(Problem to solve) Return the listing below unchanged, except that the pictures are dropped.

*** Opening of Given data ***

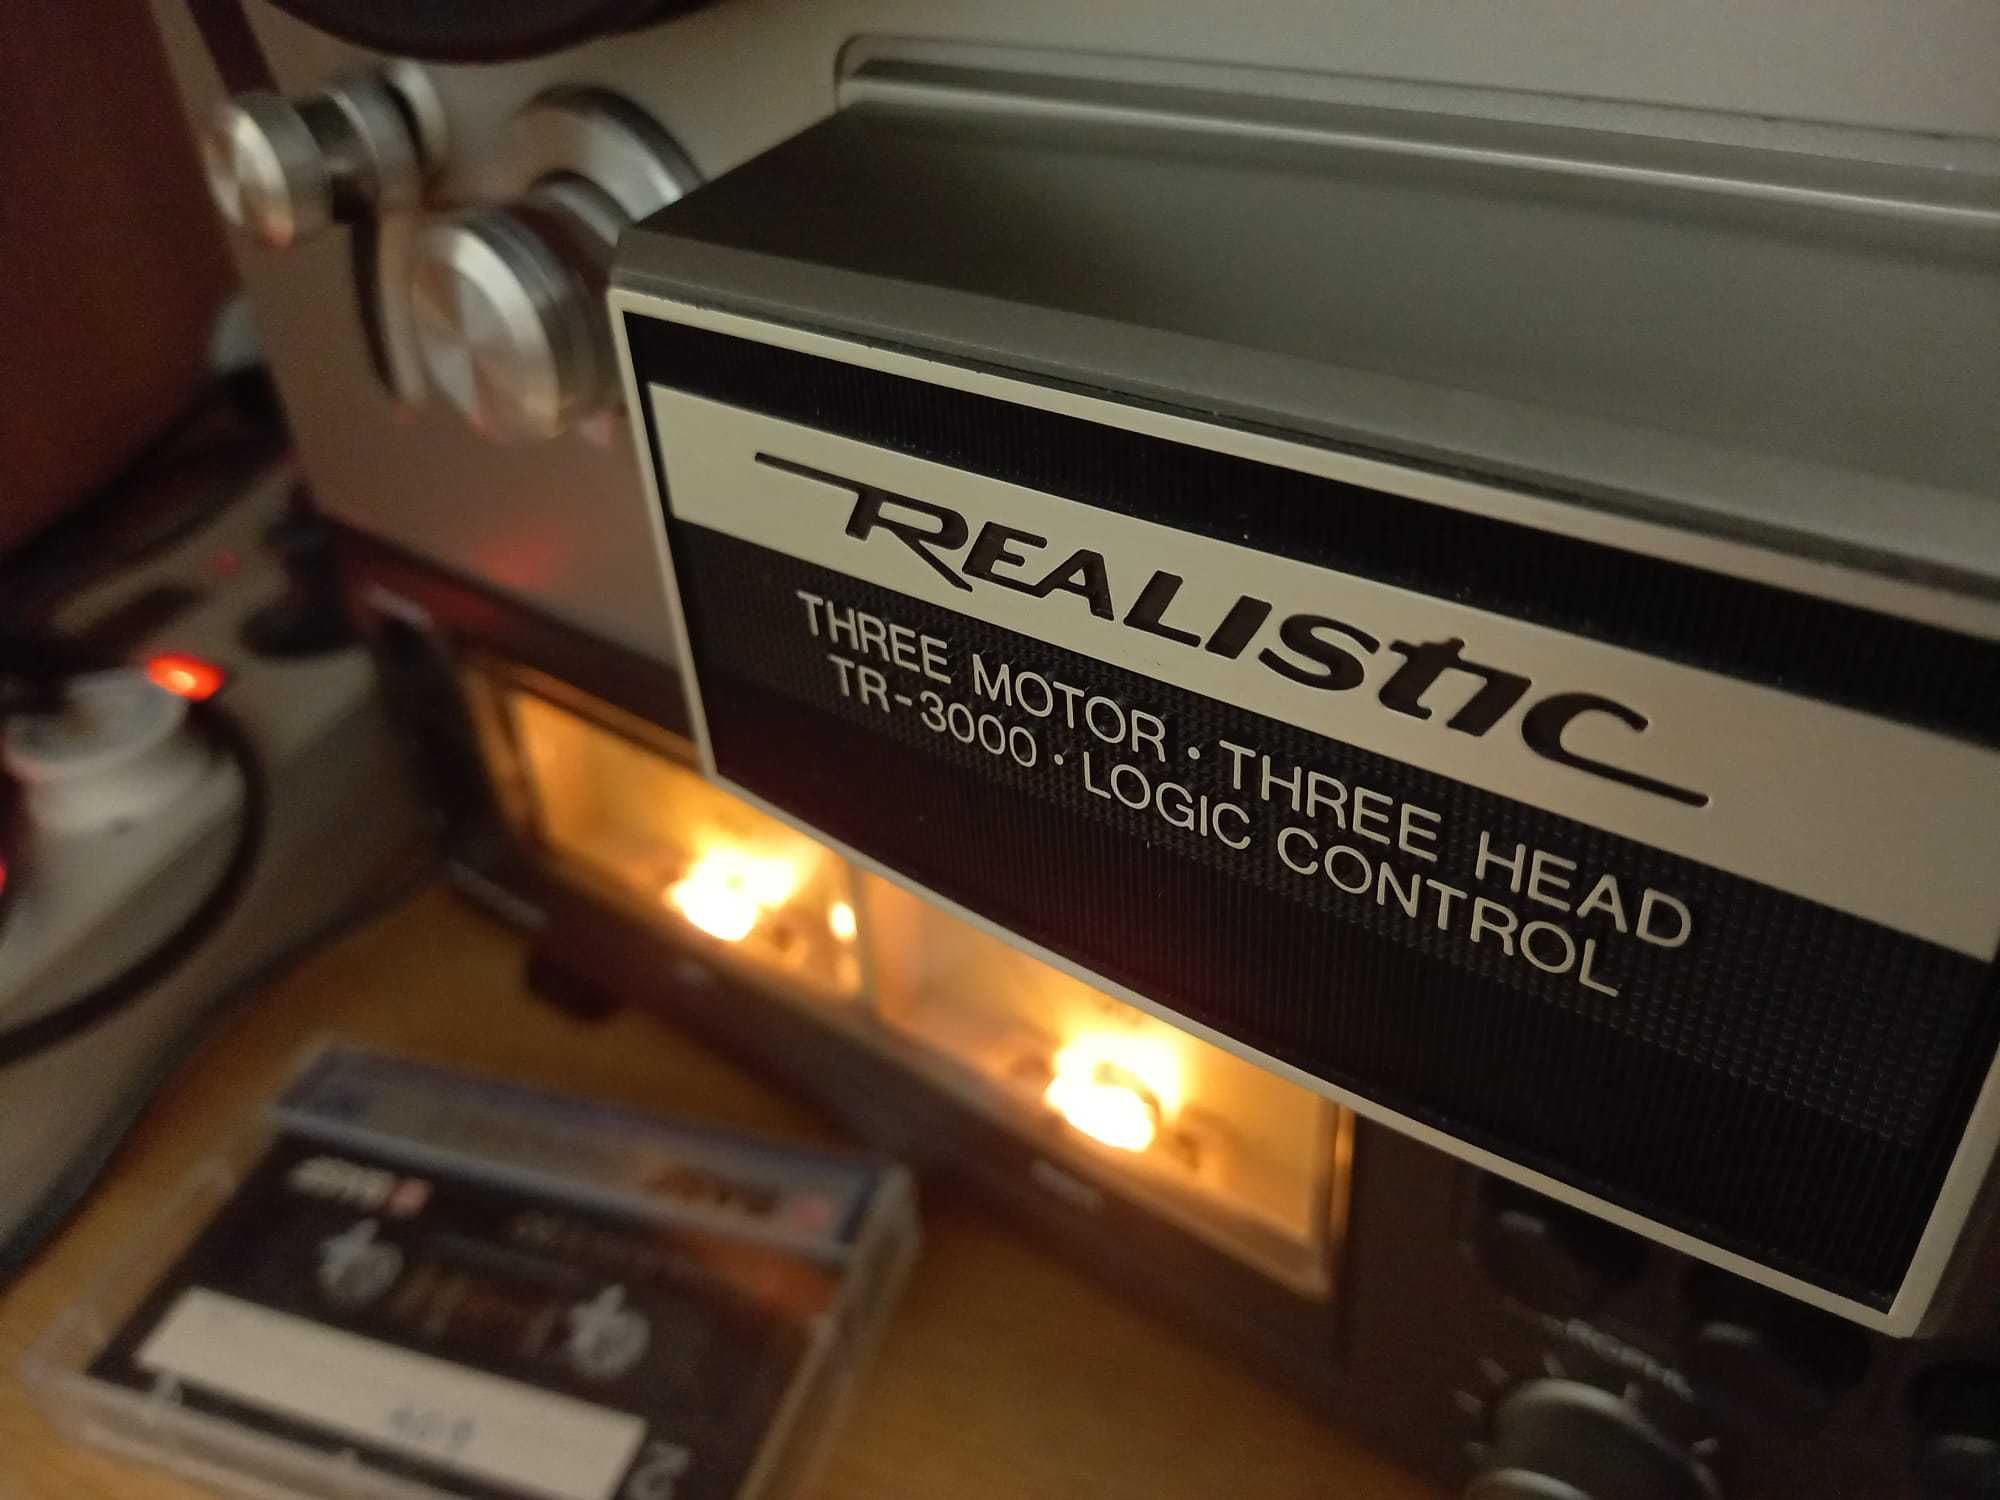 Magnetofon Realistic - TR-3000 - 3 motor - 3 head - Tape Deck 18 cm
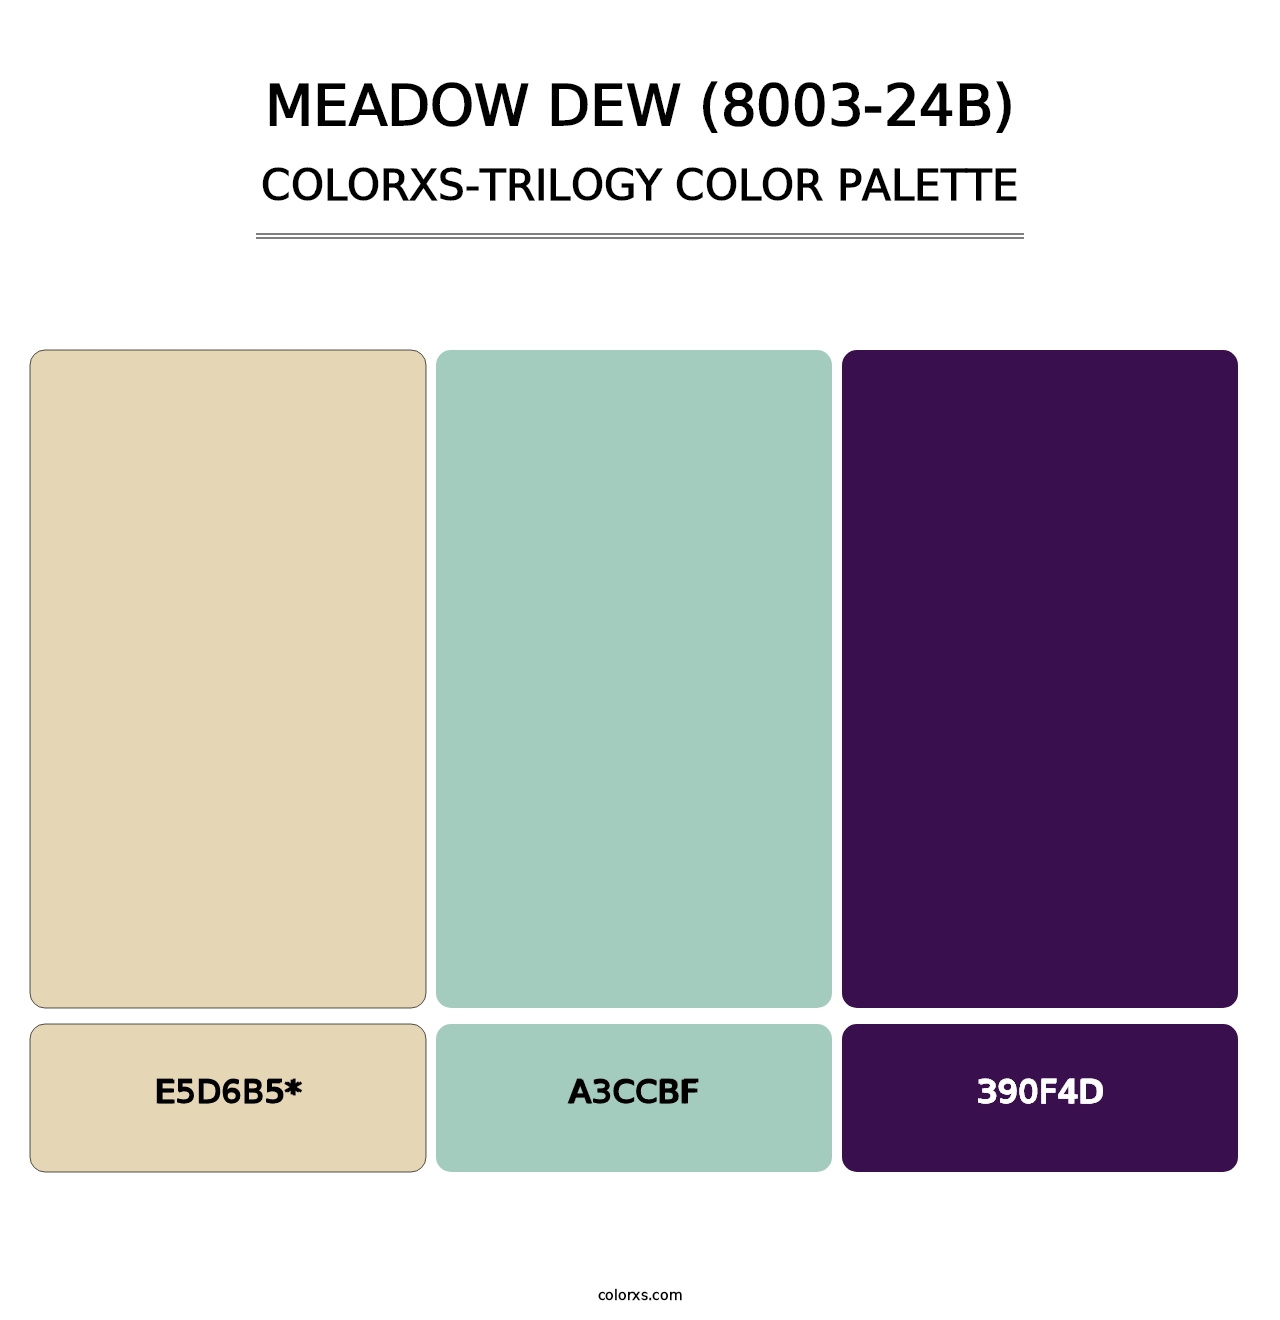 Meadow Dew (8003-24B) - Colorxs Trilogy Palette
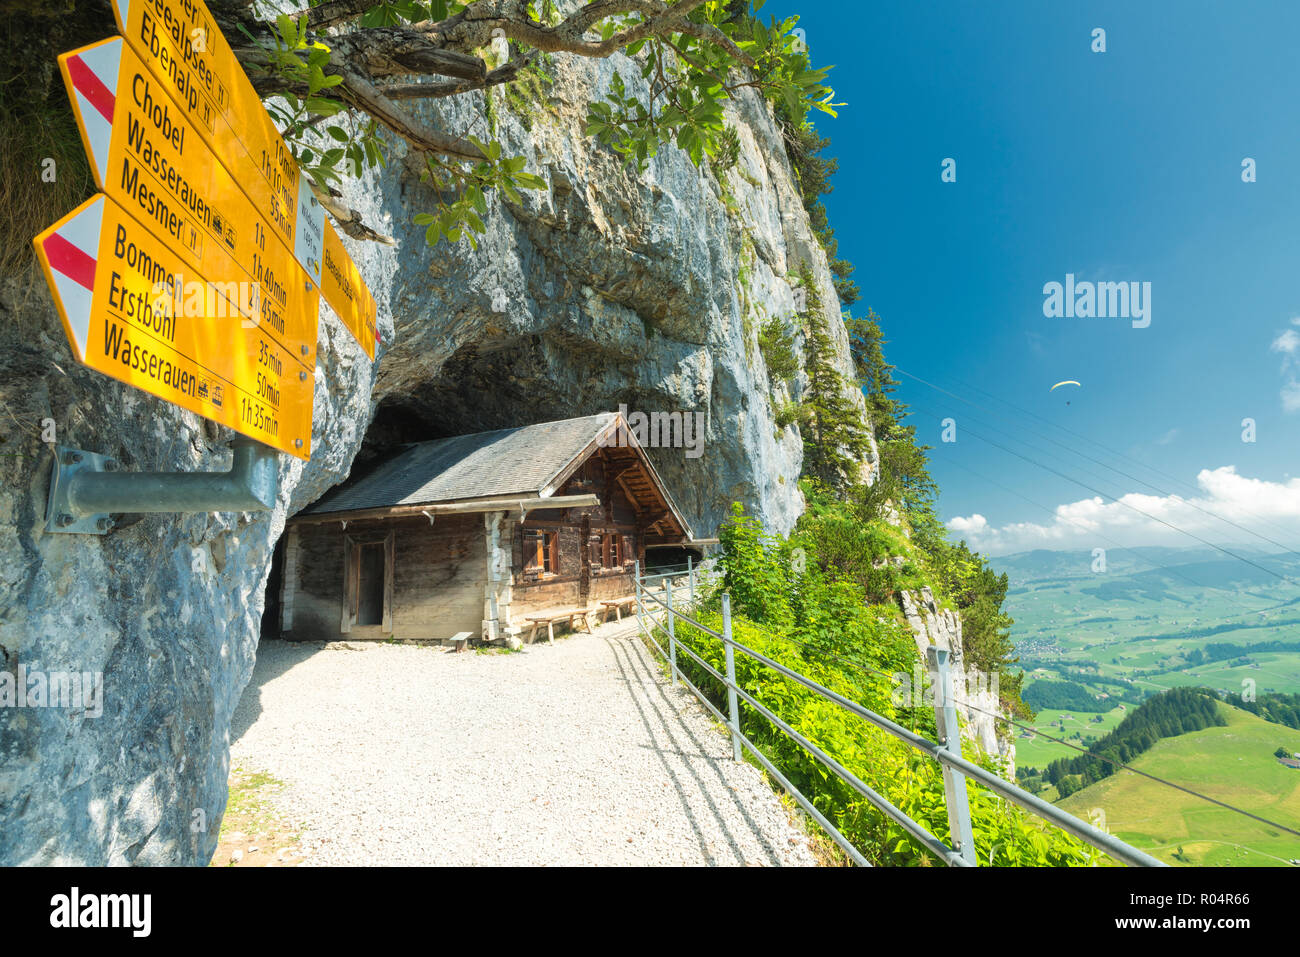 Signpost of hiking trails, Wildkirchli, Ebenalp, Appenzell Innerrhoden, Switzerland, Europe Stock Photo
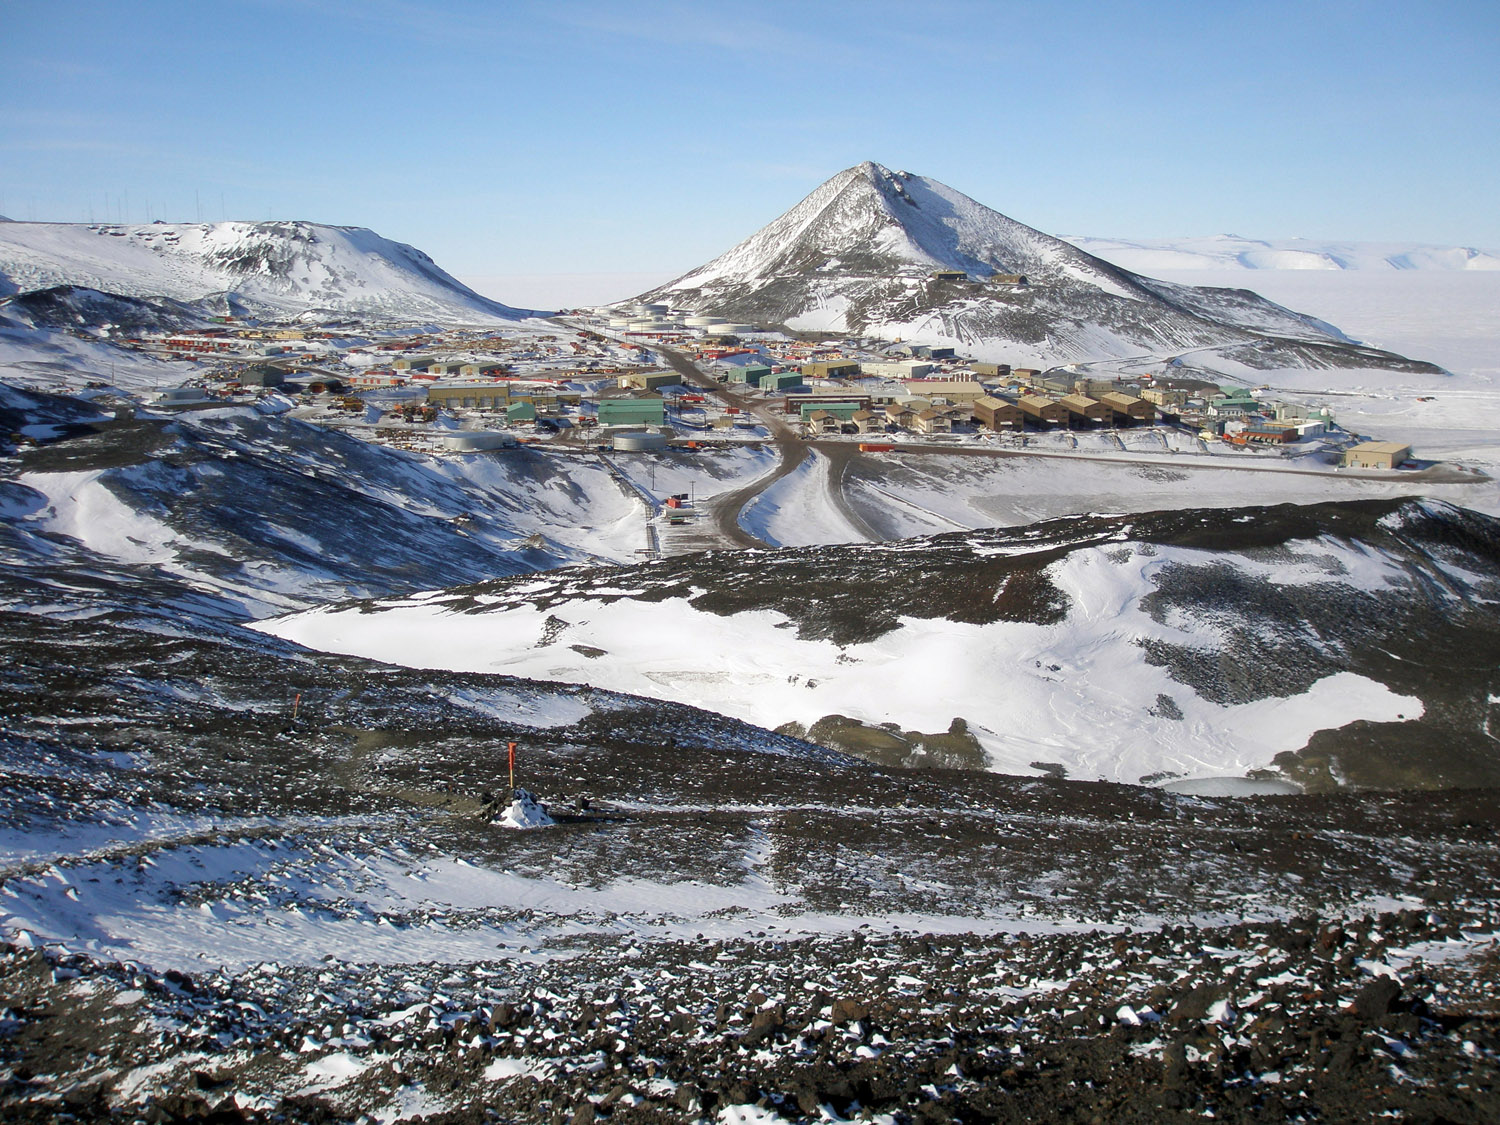 Hut Ridge Trail & McMurdo Station

*** Close of Given data ***

(Answer to this task)
 Magnetofon Realistic - TR-3000 - 3 motor - 3 head - Tape Deck 18 cm
 Meadow Dew (8003-24B) - Colorxs Trilogy Palette
 Signpost of hiking trails, Wildkirchli, Ebenalp, Appenzell Innerrhoden, Switzerland, Europe Stock Photo
 Hut Ridge Trail & McMurdo Station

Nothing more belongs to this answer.